Data Serialization plays a central role in any distributed computing system, be it message-oriented or RPC-based. Ideally, the involved parties should be able to exchange data in a way that is both efficient and robust, and which can evolve over time. I’ve seen many data serialization techniques come and go during the last 20 years, shifting with the current technical trends: Fixed-position binary formats, tag-based binary formats, separator-based formats, XML, Json, etc. Early frameworks were usually backed by supporting tools (yes, I’m old enough to remember when Data Dictionaries were state of the art …), whereas more recent serialization frameworks usually provides a formal Schema language to enforce data correctness and enable contracts to evolve in a controlled way. The Schema formalism usually also provides a Data Binding mechanism to allow for easy usage in various programming languages.

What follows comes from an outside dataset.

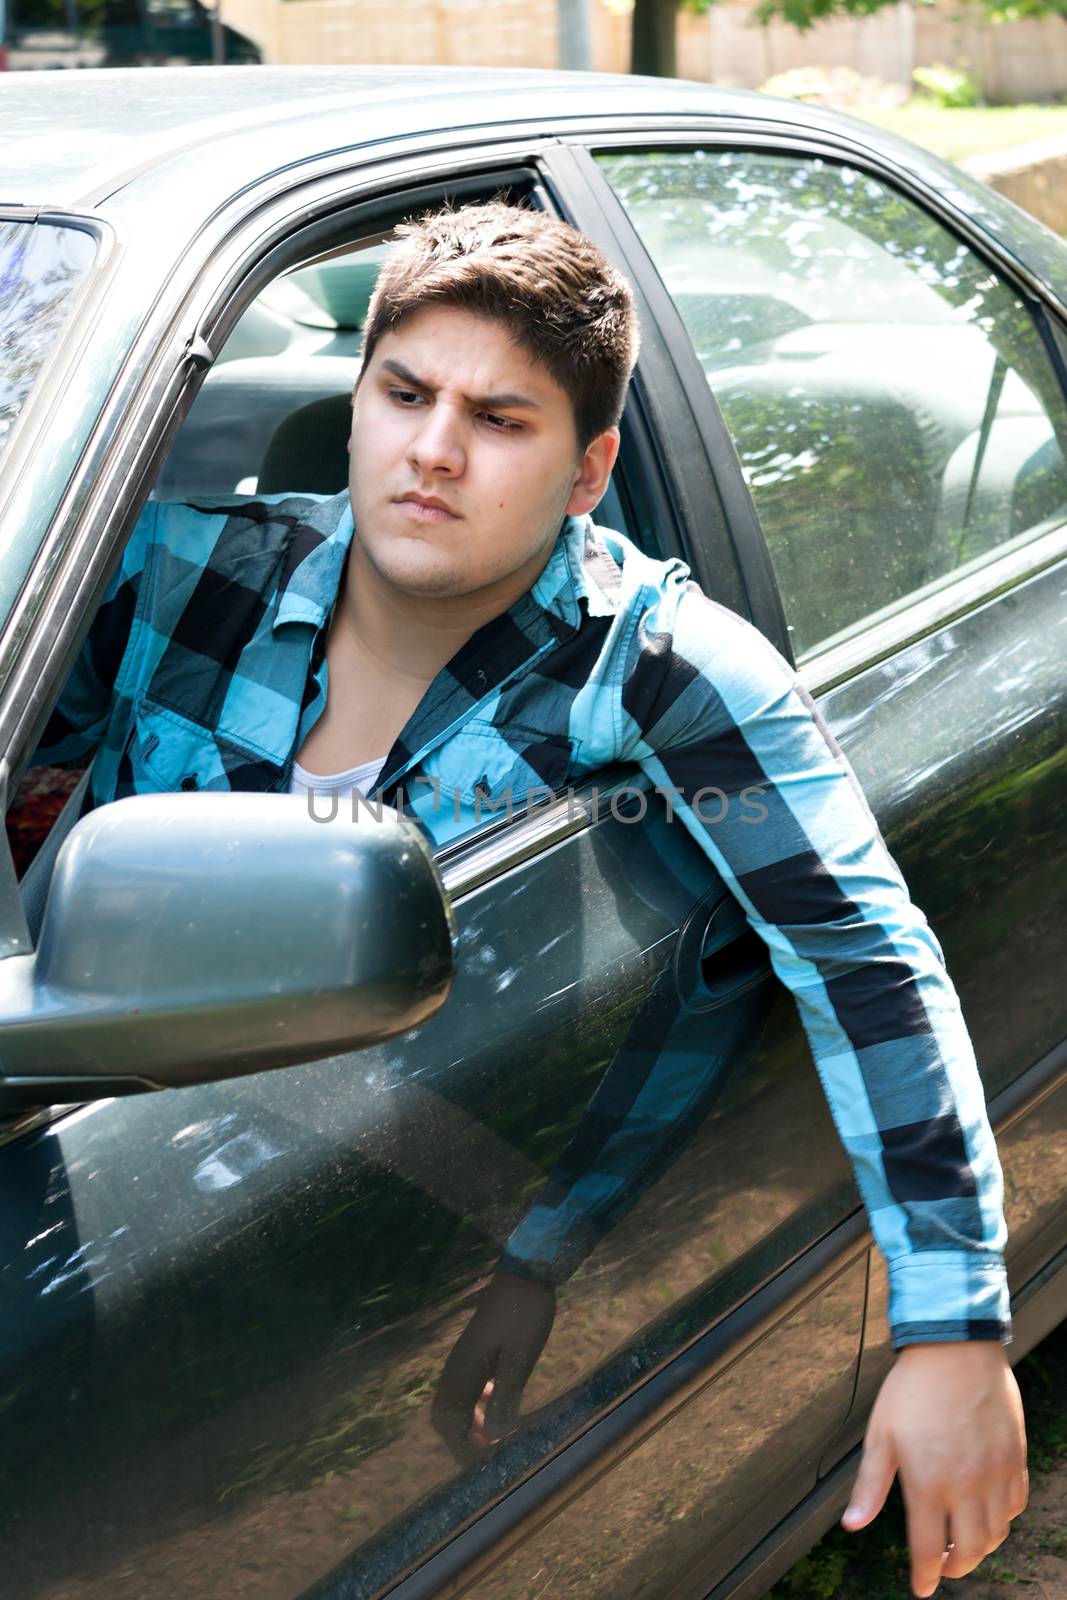 An irritated young man driving a vehicle with his head and arm hanging out of the window.

In order to support non-trivial domain/information models, the Schema language should provide support for Composition, where a complex Schema may be composed from smaller, resuable Schemas. This is usually achieved by some kind of Include mechanism in the the Schema formalism, and optionally additional build time configuration for any code generation Data Binding support.

Apache Kafka and Serialization

Event Driven Architectures are becoming increasingly more popular, partly due to the challenges with tightly coupled micro services. When streaming events at scale, a highly scalable messaging backbone is a critical enabler. Apache Kafka is widely used, due to its distributed nature and thus extreme scalability. In order for Kafka to really deliver, individual messages needs to be fairly small (see e.g. Kafka Benchmark). Hence verbose data serialization formats like XML or JSON might not be appropriate for event sourcing.

While there are several serialization protocols offering compact binary payloads (among them, Google Protobuf stands out a modern and elegant framework), Apache Avro is frequently used together with Kafka. While not necessarily the most elegant serialization framework, the Confluent Kafka packaging provides a Schema Registry, which allows a structured way to manage message schemas and schema versions, and the Schema Registry is based on Avro schemas.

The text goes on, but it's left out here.